# [TASK TO COMPLETE]
Please repeat the whole listing exactly, but leave the pictures out.

# [COLLECTED DATA]
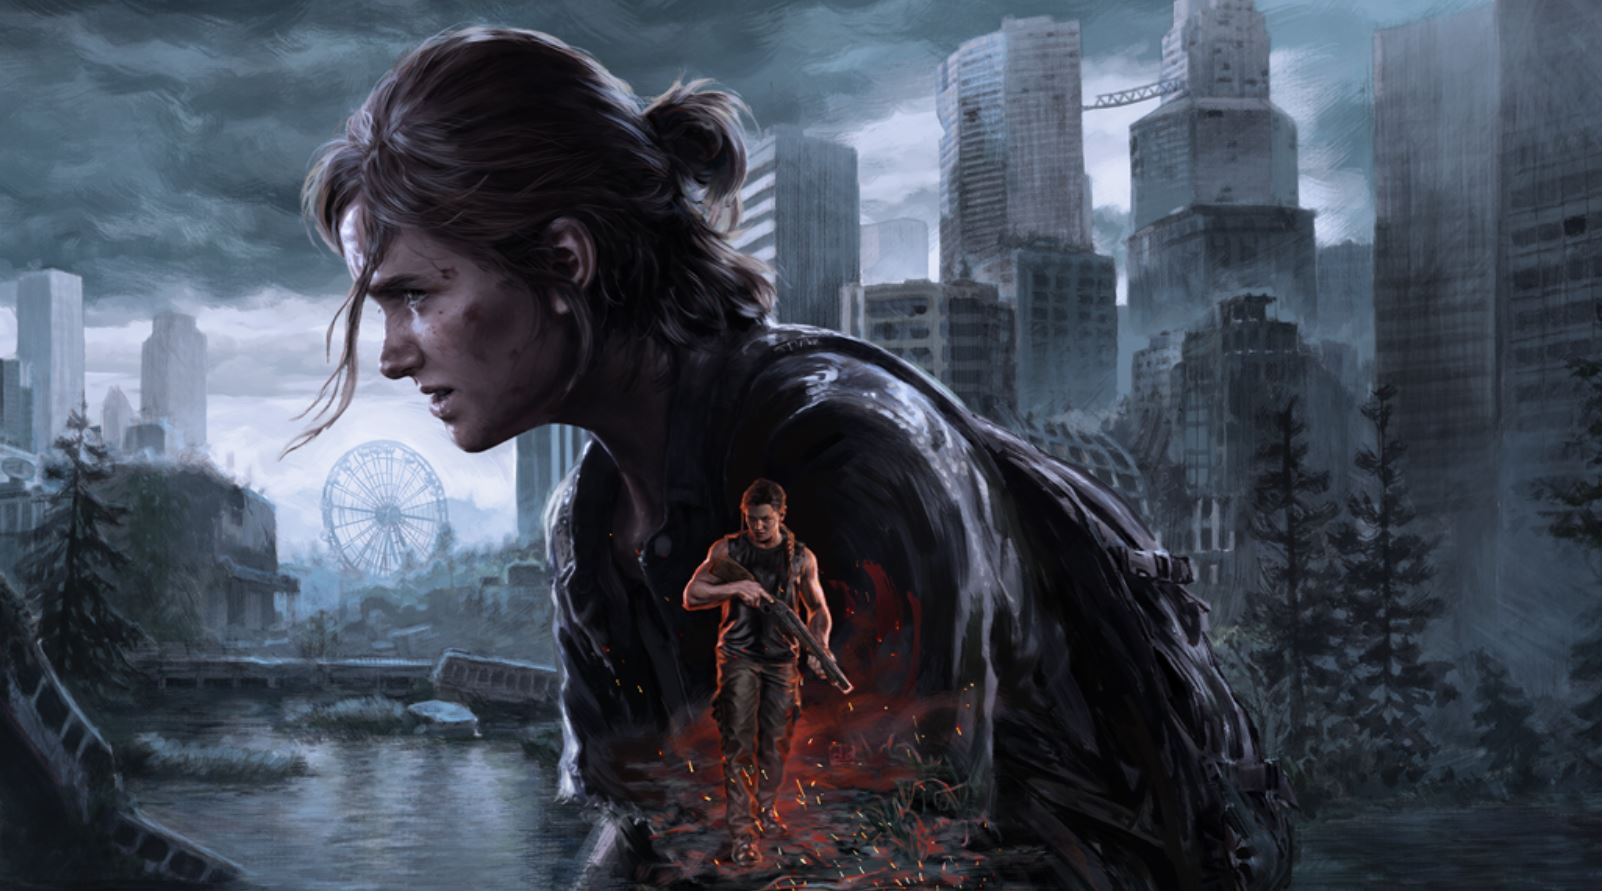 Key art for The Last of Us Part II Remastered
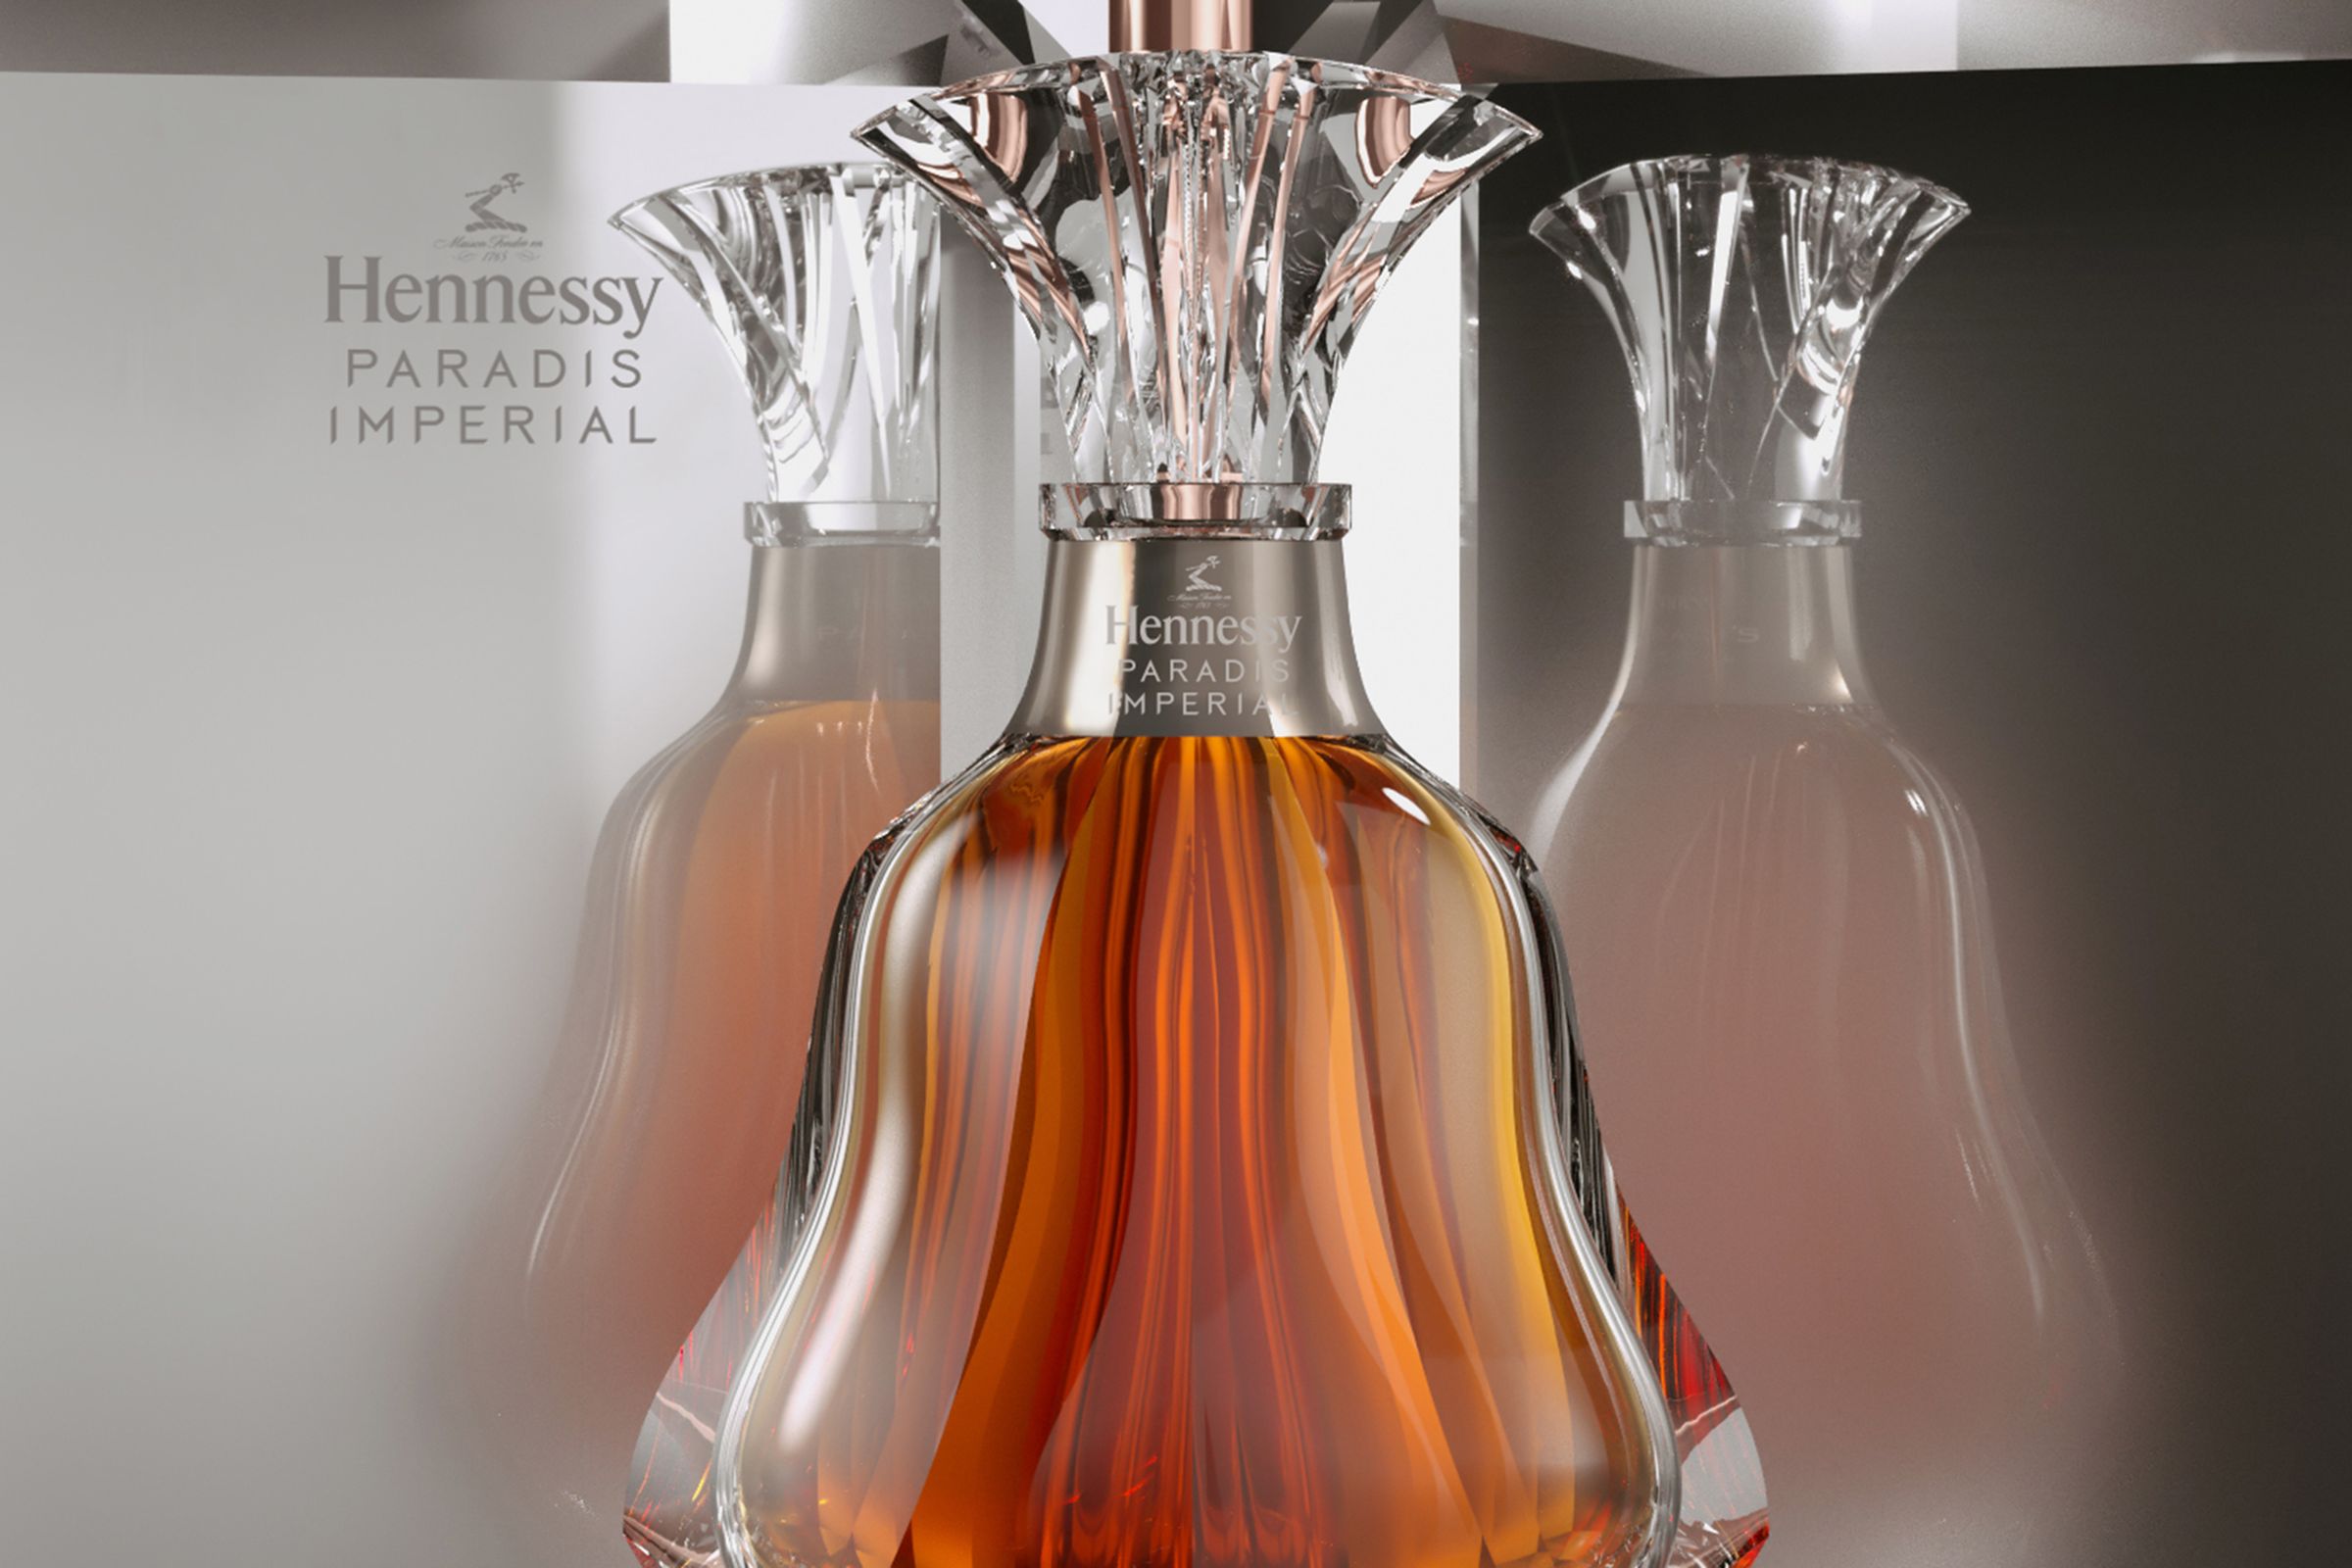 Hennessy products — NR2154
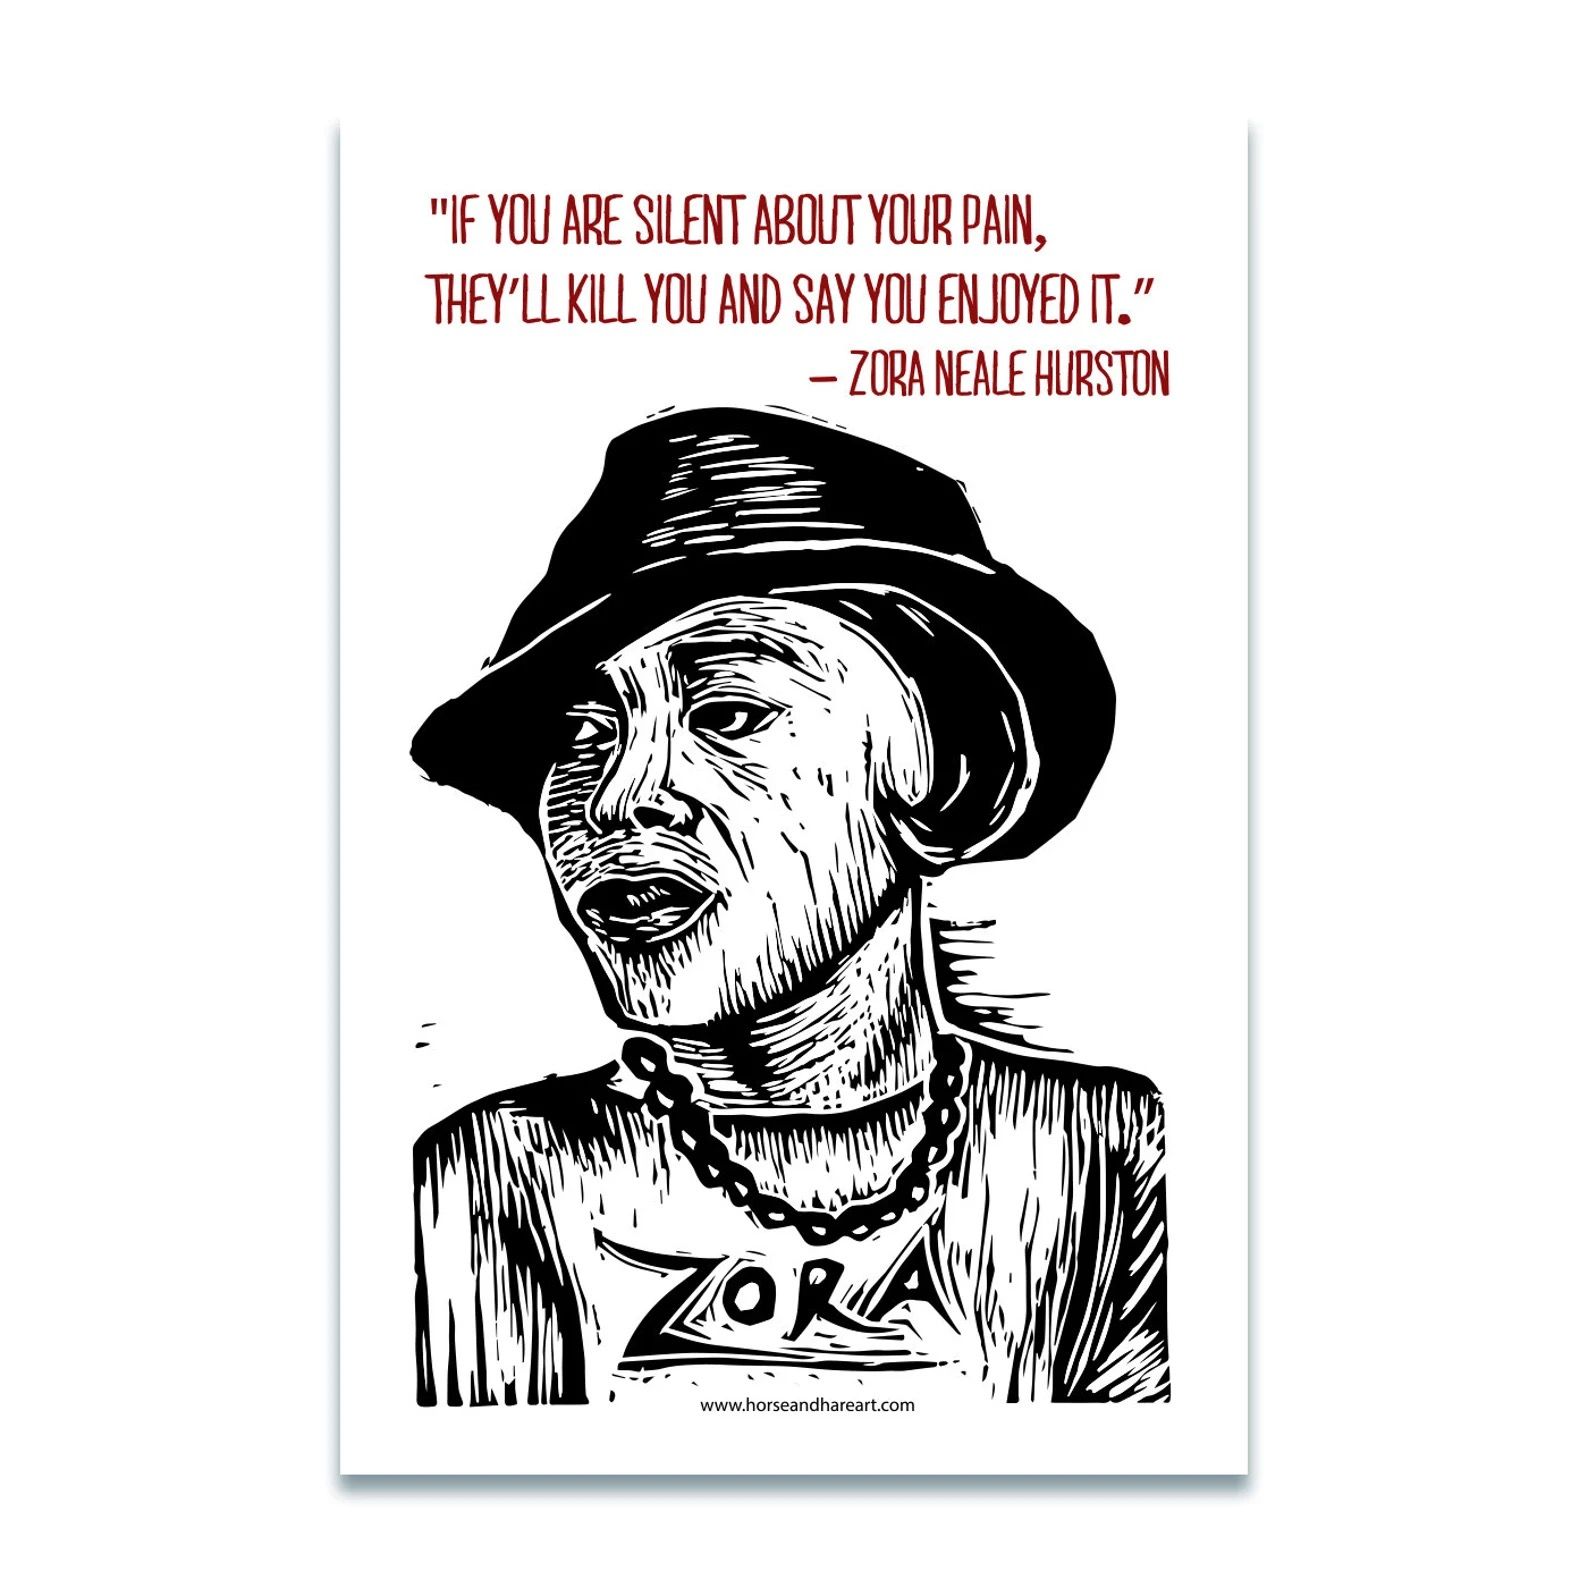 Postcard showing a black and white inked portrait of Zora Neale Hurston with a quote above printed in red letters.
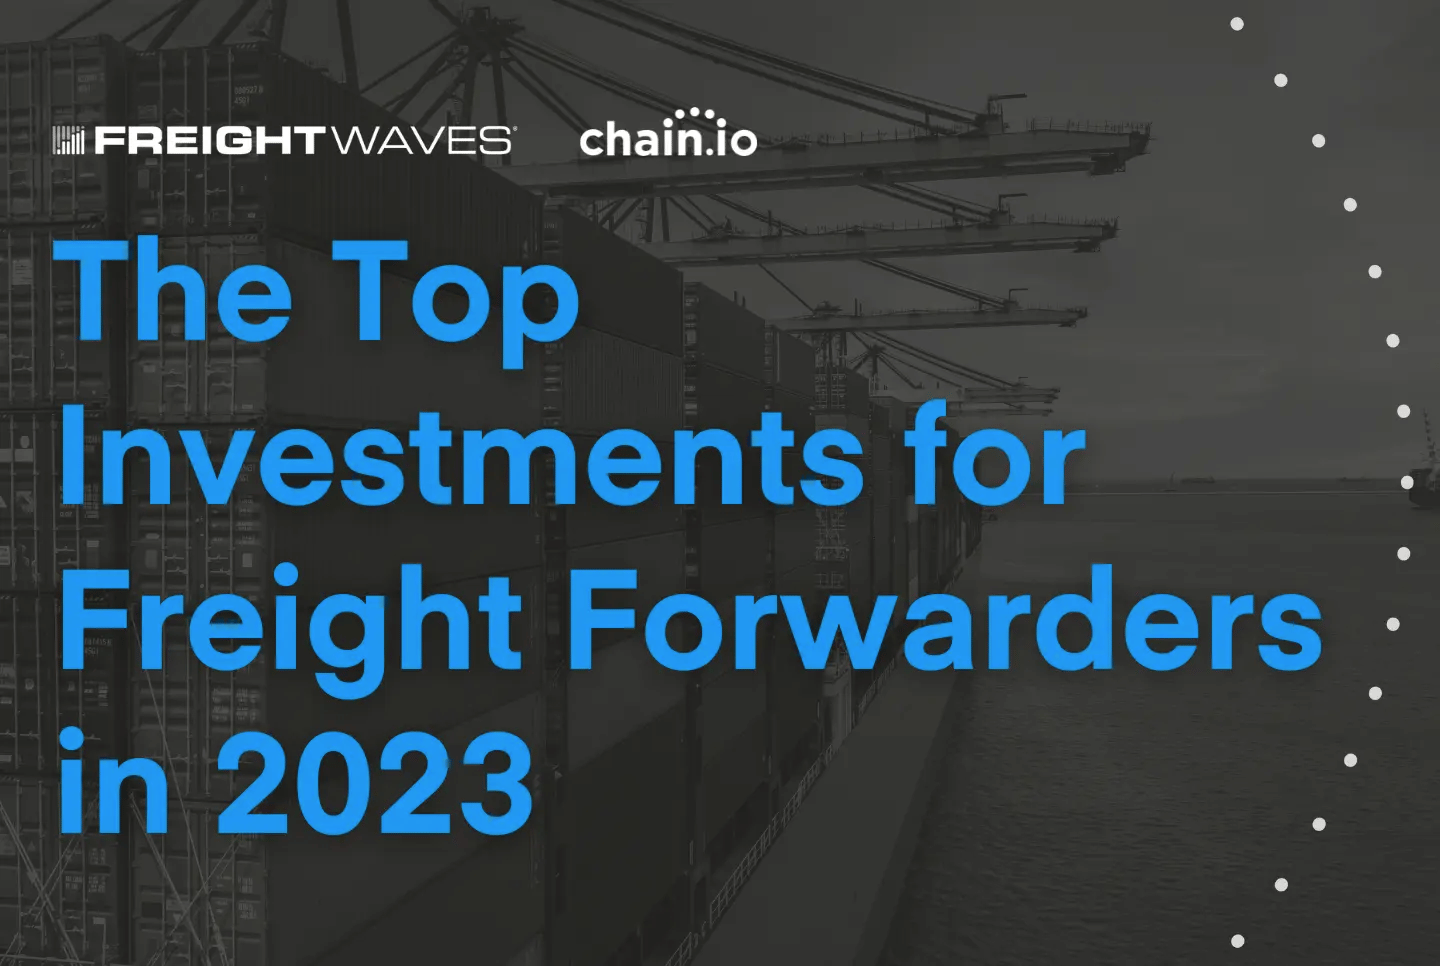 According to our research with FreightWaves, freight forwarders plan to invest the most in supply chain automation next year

# [COMPLETED EXERCISE]
 Key art for The Last of Us Part II Remastered
 Hennessy products — NR2154
 Postcard showing a black and white inked portrait of Zora Neale Hurston with a quote above printed in red letters.
 According to our research with FreightWaves, freight forwarders plan to invest the most in supply chain automation next year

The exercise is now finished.